» **Data segment**
──────────────────────────────

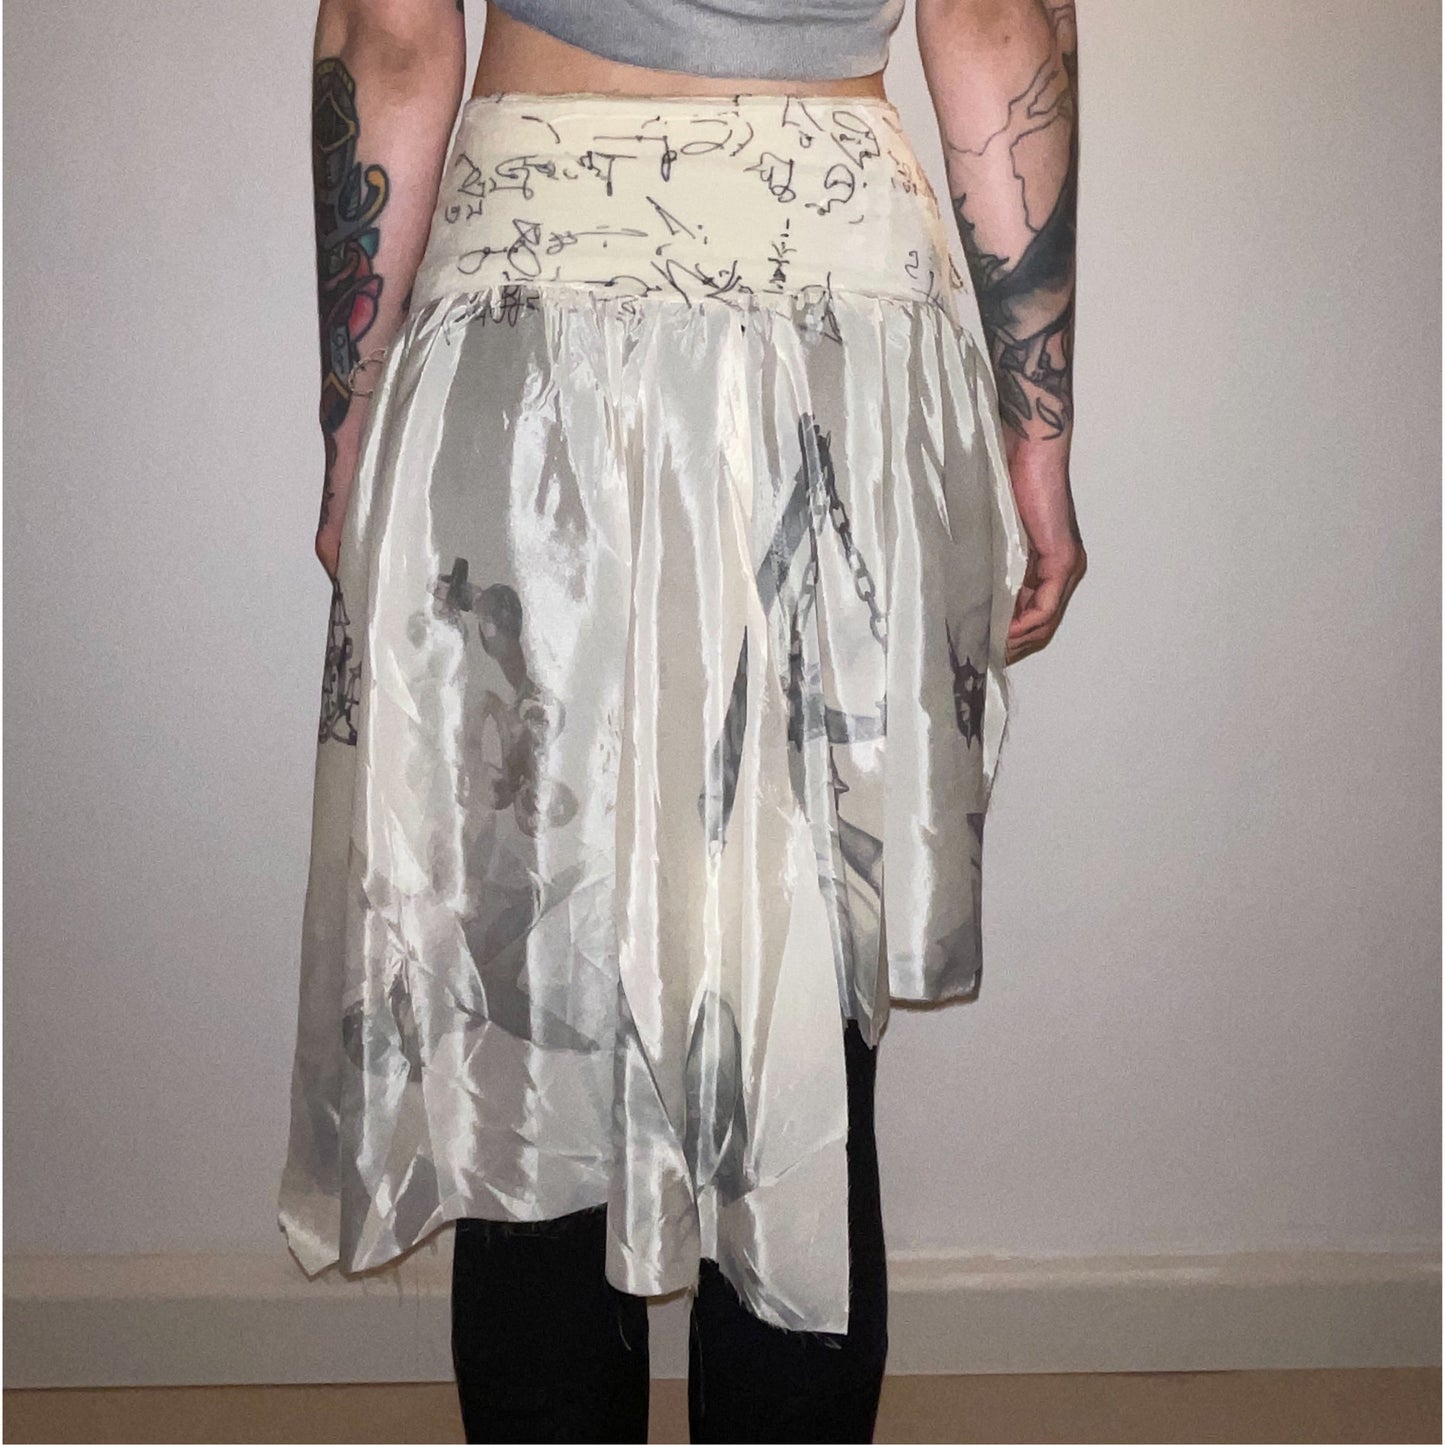 ghostie skirt
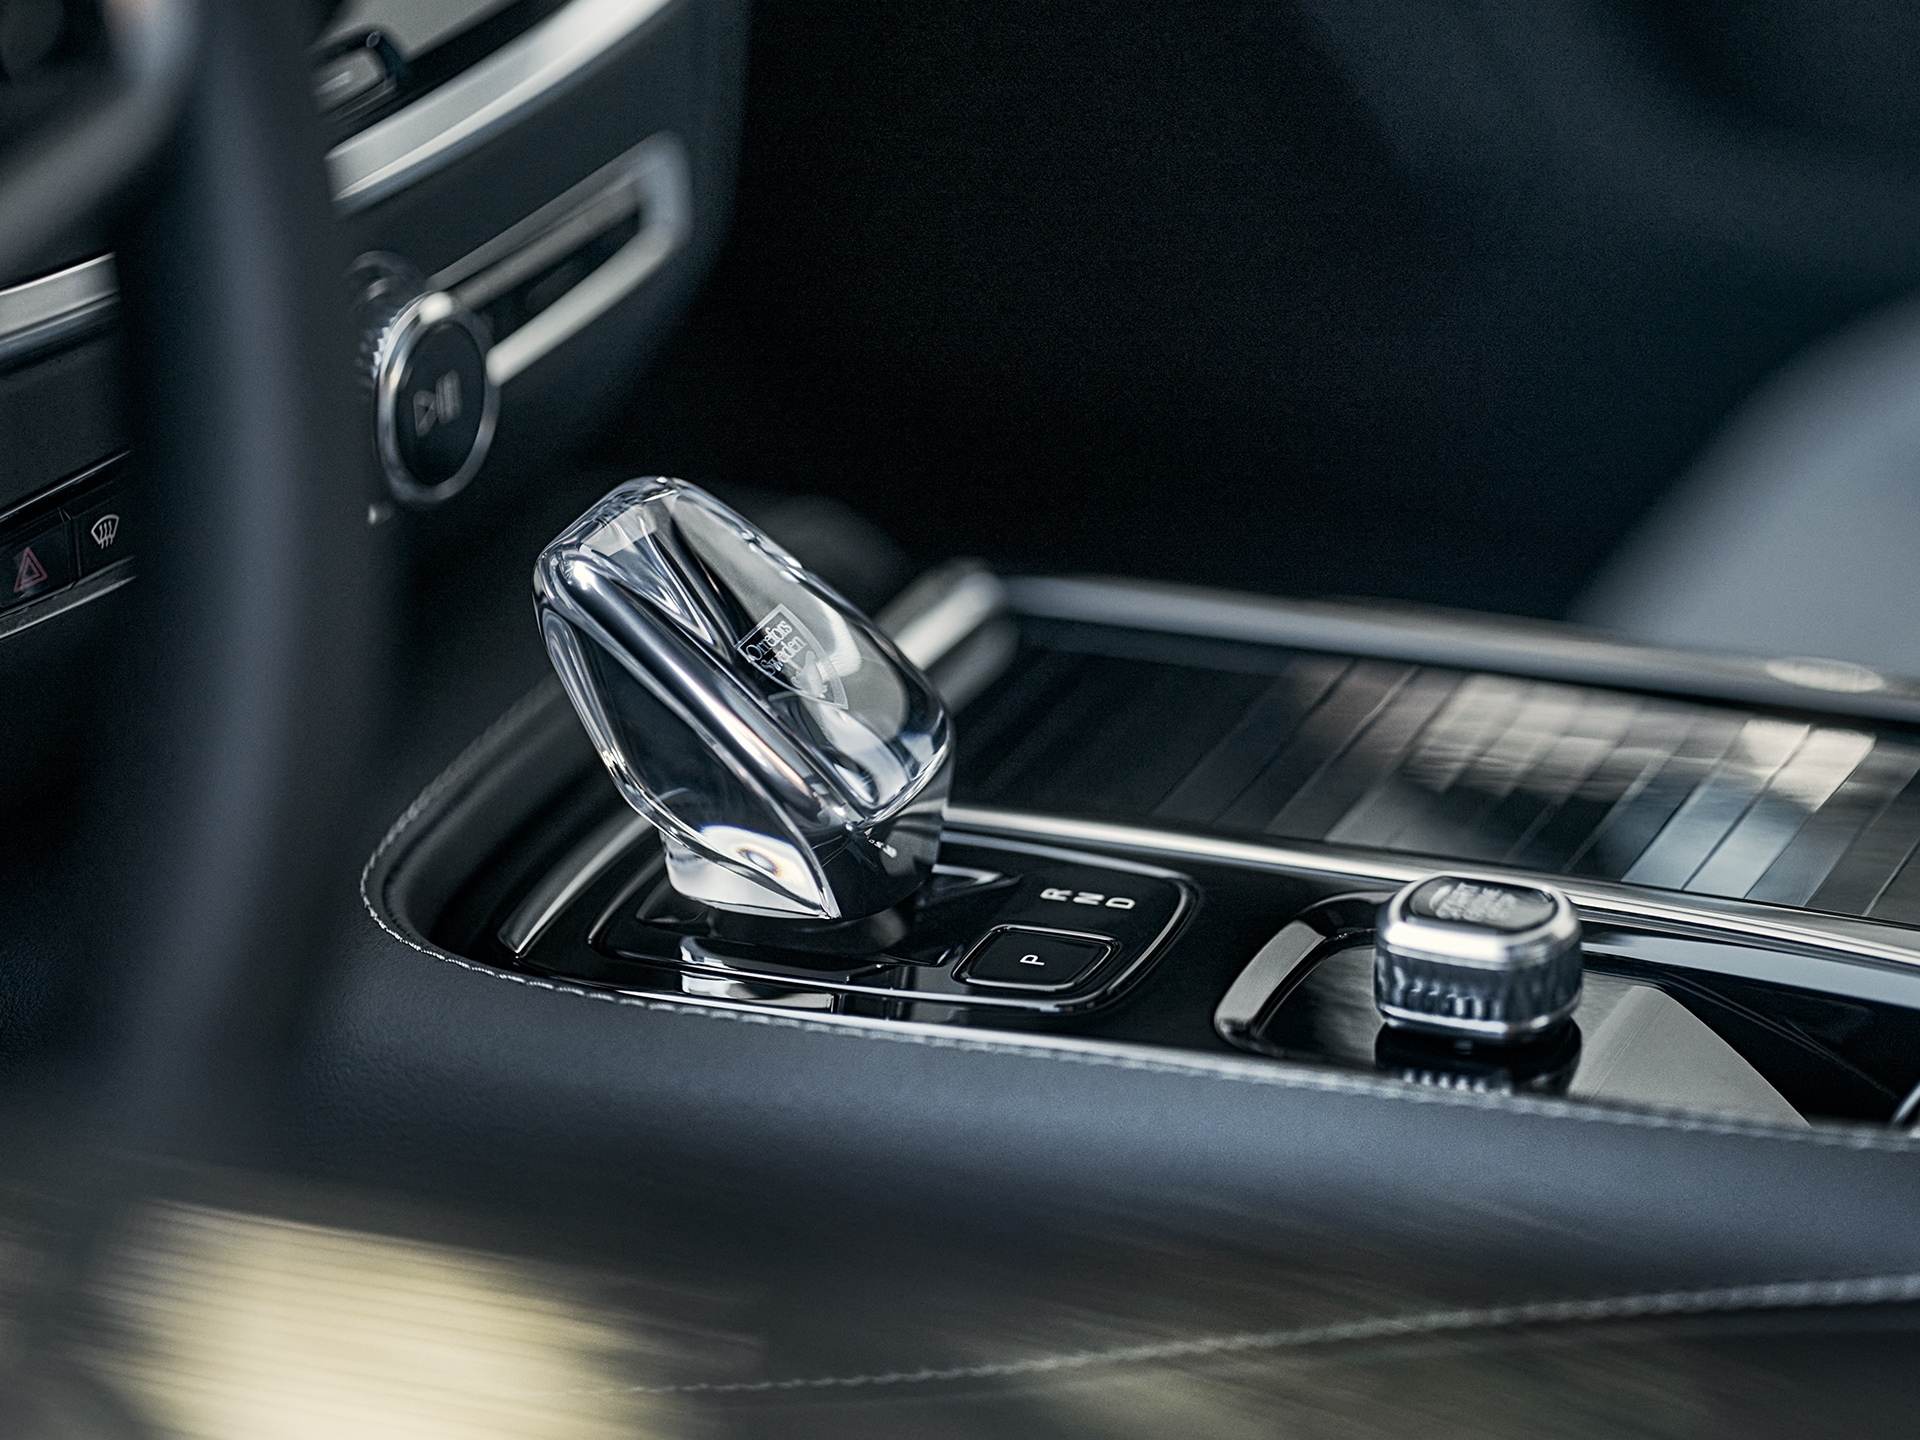 Botón de arranque y palanca de cambios de cristal en la consola central del Volvo S60 Recharge híbrido enchufable.
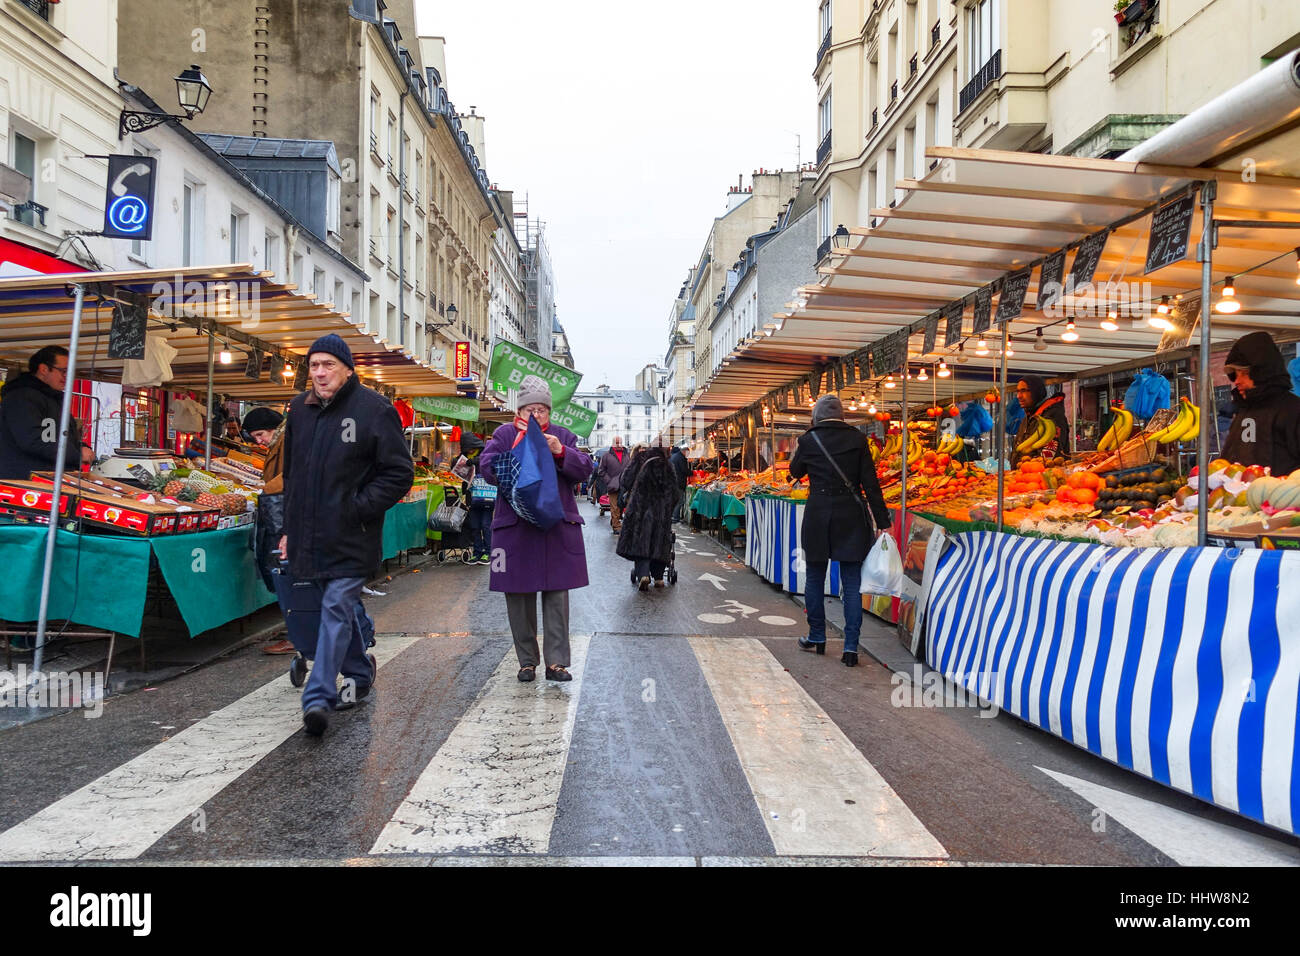 Aligre Markt im Freien essen, viel Obst und Gemüse Markt im Freien auf dem Platz des Aligre und Straße, die Rue Aligre. Paris, Frankreich. Stockfoto

──────────────────────────────

» **Task statement**
Word for word, return the material above; the pictures stay out.

» **Finished task**
 ghostie skirt
 Botón de arranque y palanca de cambios de cristal en la consola central del Volvo S60 Recharge híbrido enchufable.
 Aligre Markt im Freien essen, viel Obst und Gemüse Markt im Freien auf dem Platz des Aligre und Straße, die Rue Aligre. Paris, Frankreich. Stockfoto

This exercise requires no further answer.